Re: MD Pirsig's conception of ritual

From: Wim Nusselder (wim.nusselder@antenna.nl)
Date: Tue Mar 04 2003 - 07:37:57 GMT

  • Next message: Wim Nusselder: "Re: MD Pirsig's conception of ritual"

    Dear Sam,

    I'm not sure if I agree with your (23 Feb 2003 12:03:24 -0000) giving up on
    ritual, yet. Broadening out the thread entails too much risk, I'm afraid, to
    get stranded in the disagreement between David B. and me about how to
    distinguish the levels.

    I guess one can broaden the meaning of 'ritual' (without making it
    unrecognizable) to make it THE static latch of the social level (as you
    insisted 16 Feb 2003 18:19:35 -0000). It's just that I thought that I had
    found a better way of describing the static latch of the social level in
    general: unthinking behavior copied between generations in processes
    focussed on seeking 'status/celebrity'.
    I'm not sure if it is very useful to describe the 'pattern that holds
    together a nation' ('Lila' chapter 12) for instance as only a 'ritual', even
    though rituals can be part of it. 'Symbols created in the brain that stand
    for experience' (from Pirsig's definition of the intellectual level in
    'Lila's Child') seems broader than 'ritual'. It doesn't really describe the
    way the level is latched however, but rather what is built on those latches.

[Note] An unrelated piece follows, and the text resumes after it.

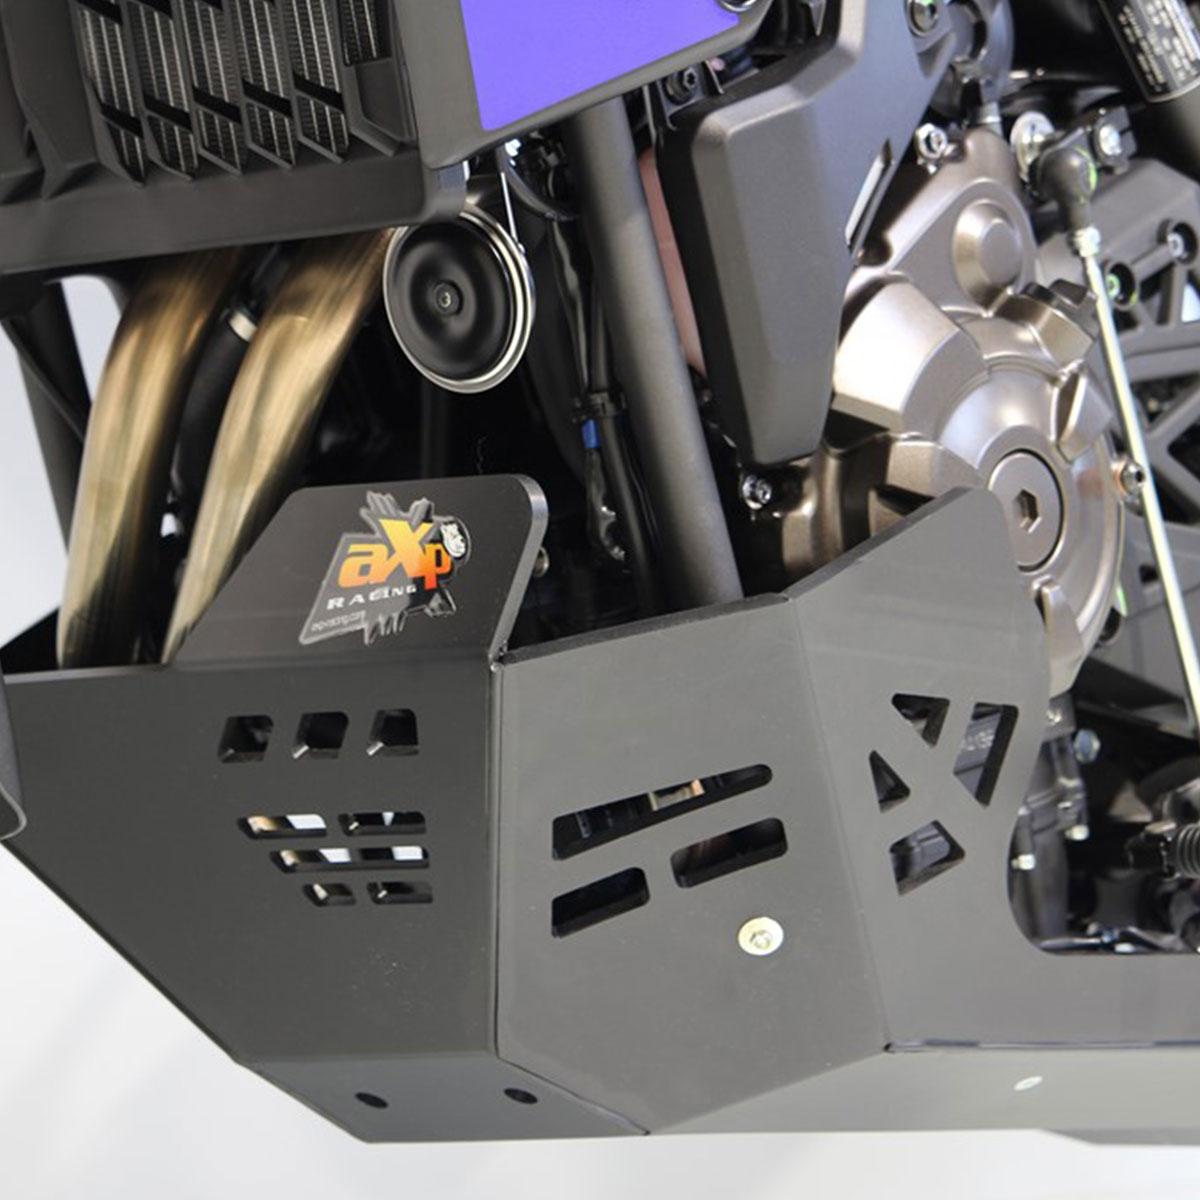 画像1: テネレ700のエンジンを8mm厚の樹脂でがっちりガード

    You ask 16 Feb whether it is this Pirsig's explicit view that putting social
    patterns of values to sleep is A way of attaining freedom from them
    (presumably an Eastern way), not THE way of doing so.
    Well, he also describes the Western way: 'In the West progress seems to
    proceed by a series of spasms of alternating freedom and ritual.' Implicitly
    he seems to favor the Eastern way, but he makes explicit that it is not the
    only way. One could disagree with his preference for the Eastern way by
    stating that in the West people are generally more free from social patterns
    of values than in the East (I don't know if I agree) and concluding that the
    Eastern may apparently more easily get stuck along the way of attaining
    freedom than the Western way.

    I think that ritual being (also) a static latch of the intellectual level is
    a debatable but possible interpretation of Pirsig's statement:
    'If ritual always comes first and intellectual principles always come later,
    then ritual cannot always be a decadent corruption of intellect.'
    The implicit conclusion of this statement can be read as: 'then ritual can
    also sometimes be seen as a first product of intellect'.

    Pirsig indeed wrote that 'ritual might be THE connecting link' between
    social and intellectual patterns of value. So that is a disagreement between
    him and me: I think symbolic language is another possible link.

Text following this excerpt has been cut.